De même, la création du Haut conseil de l’environnement et au développement durable (HCEDD) aurait dû permettre la mise en place d’une démarche globale et intégrée. Ainsi, malgré l’existence de multiples institutions, les capacités de ces dernières sont restées limitées à différents domaines beaucoup trop théoriques et pas assez opérationnels: formulation de stratégies, coordination, études et recherches, contrôle et études d’impact. Sur le terrain, donc le HCEDD n’a pas été à la hauteur de la réelle efficacité requise pour accomplir totalement ses prérogatives. Au niveau décentralisé, la gestion environnementale municipale s’est avérée également très insuffisante.

Un vaste programme de renforcement institutionnel et juridique est nécessaire pour permettre au service public la gestion des ordures ménagères, en application directe des notions du développement durable, un thème fort de politique municipale. Pour réussir sa modernisation, il faut que tous les élus se réapproprient les éléments de la problématique «déchets» et pensent d’abord à réduire, réutiliser, recycler et,seulement ensuite, à éliminer. Ajoutons à cet état des lieux objectif le constat qu’aucune stratégie de gestion des déchets toxiques et dangereux n’a été mise en place jusqu’à ce jour par les institutions concernées.

La fiscalité environnementale, basée sur le principe du «pollueur payeur» a été introduite dans la loi de finances 2002 et touche essentiellement les acteurs économiques publics et privés. Elle devrait s’élargir et toucher toute personne ou entité morale qui pollue; et cela avec des modalités de recouvrement innovantes et simples au service d’une économie résiliente et circulaire qui met l’environnement au centre de ces intérêt et qui ne sera ainsi que plus forte. Cela dit reste à définir ces termes avec une stratégie nationale consensuelle, que l’on souhaite réalisable grâce au futur Conseil national économique, social et environnemental.

Il faudra s’ouvrir tout autant au potentiel de la coopération internationale au service de l’environnement et du développement durable. Si le développement des pays «pauvres» est pour partie tributaire de celui des pays riches, la survie de la biosphère se trouve, pour une large part, entre les mains des pays en développement. Face à des menaces communes et à des responsabilités partagées mais différenciées, l’Algérie est appelée à coopérer et à fonder une alliance nouvelle, continentale et internationale.

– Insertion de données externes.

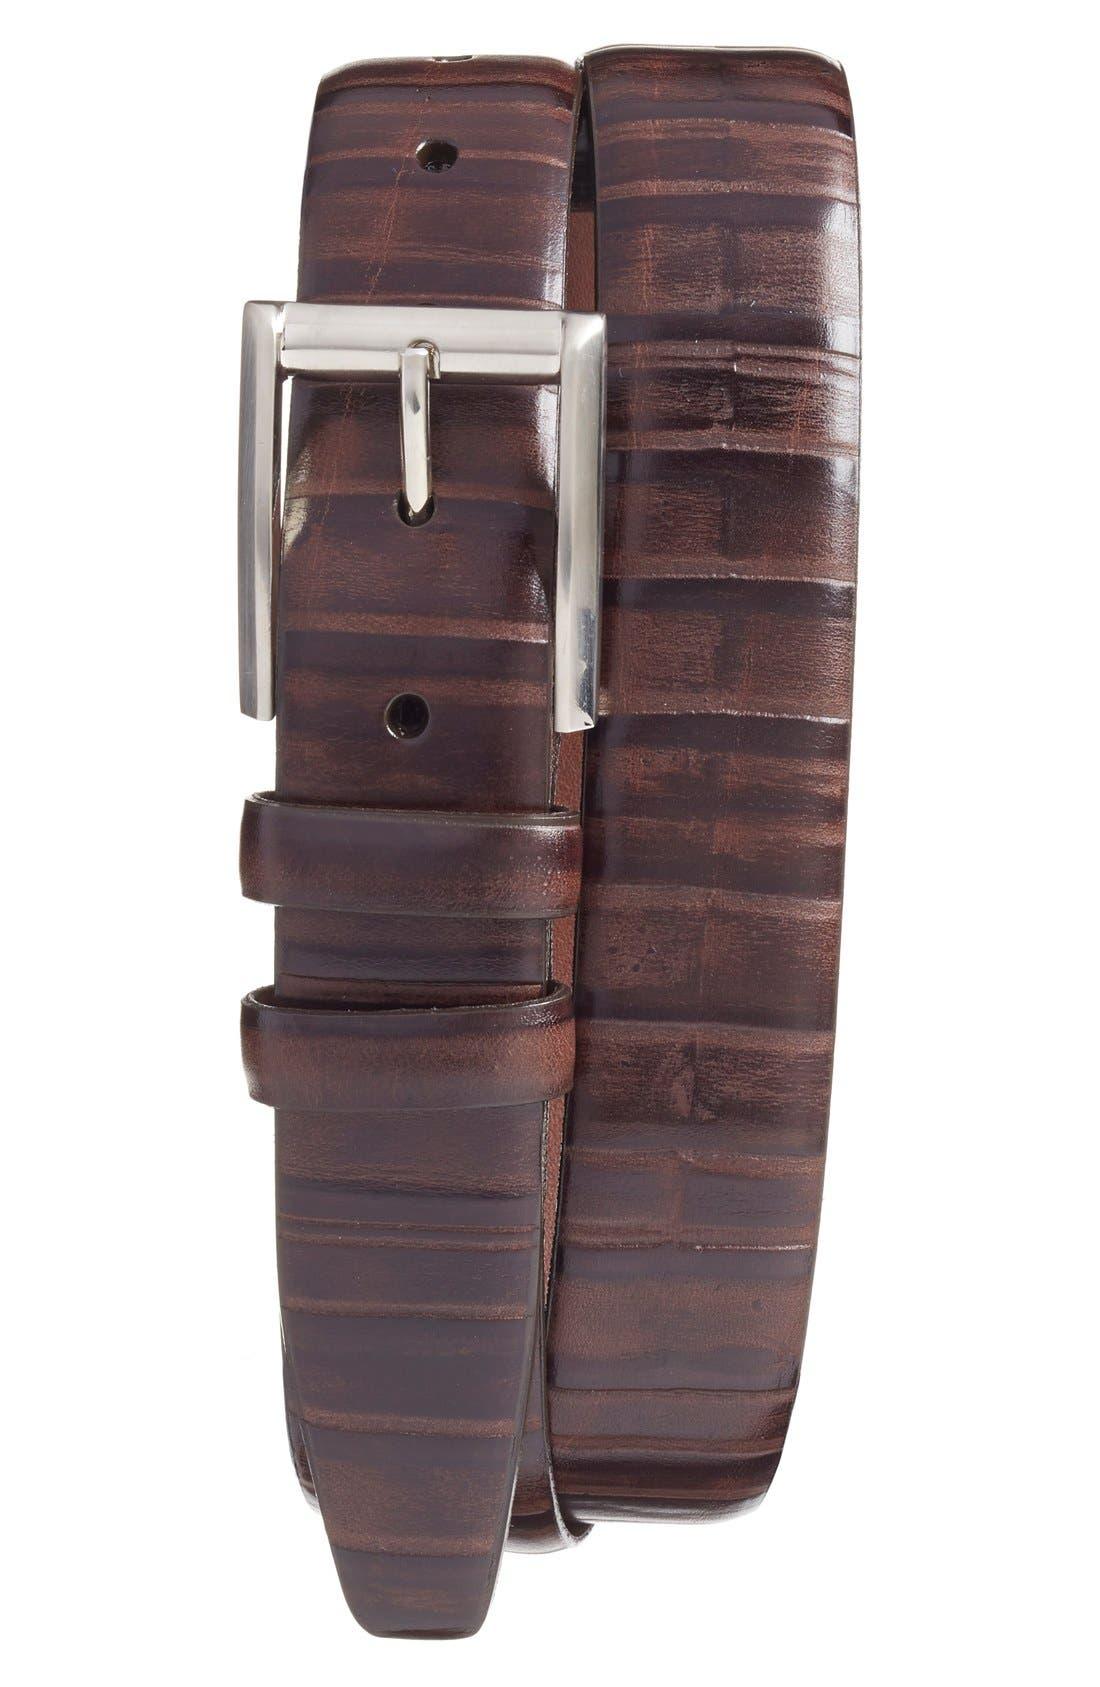 Alternate Image 1 Selected - Torino Belts Ribbed Kipskin Leather Belt

On peut espérer un passage fécond d’une interdépendance aux hydrocarbures vers un développement des énergies renouvelables notamment le solaire algérien qui, espérons-le, sera au cœur du futur développement africain.



* Par Besma Belbedjaoui
Spécialiste des questions de l’environnement et de la gestion des déchets



Bio-express (*)

Besma Belbedjaoui (photo) est spécialiste des questions de l’environnement et de la gestion des déchets. Elle dispose de dix années d’expérience auprès des entreprises de recyclage et fondatrice de Plasticycle Algérie. Son expertise couvre une large gamme de sujets tels que le recyclage et gestion des déchets, l’économie circulaire, procédés de traitement industriel, la méthanisation, l’éducation environnementale et le coaching auprès des associations. Biologiste, elle est titulaire d’une maîtrise en gestion des déchets et procédés de traitements.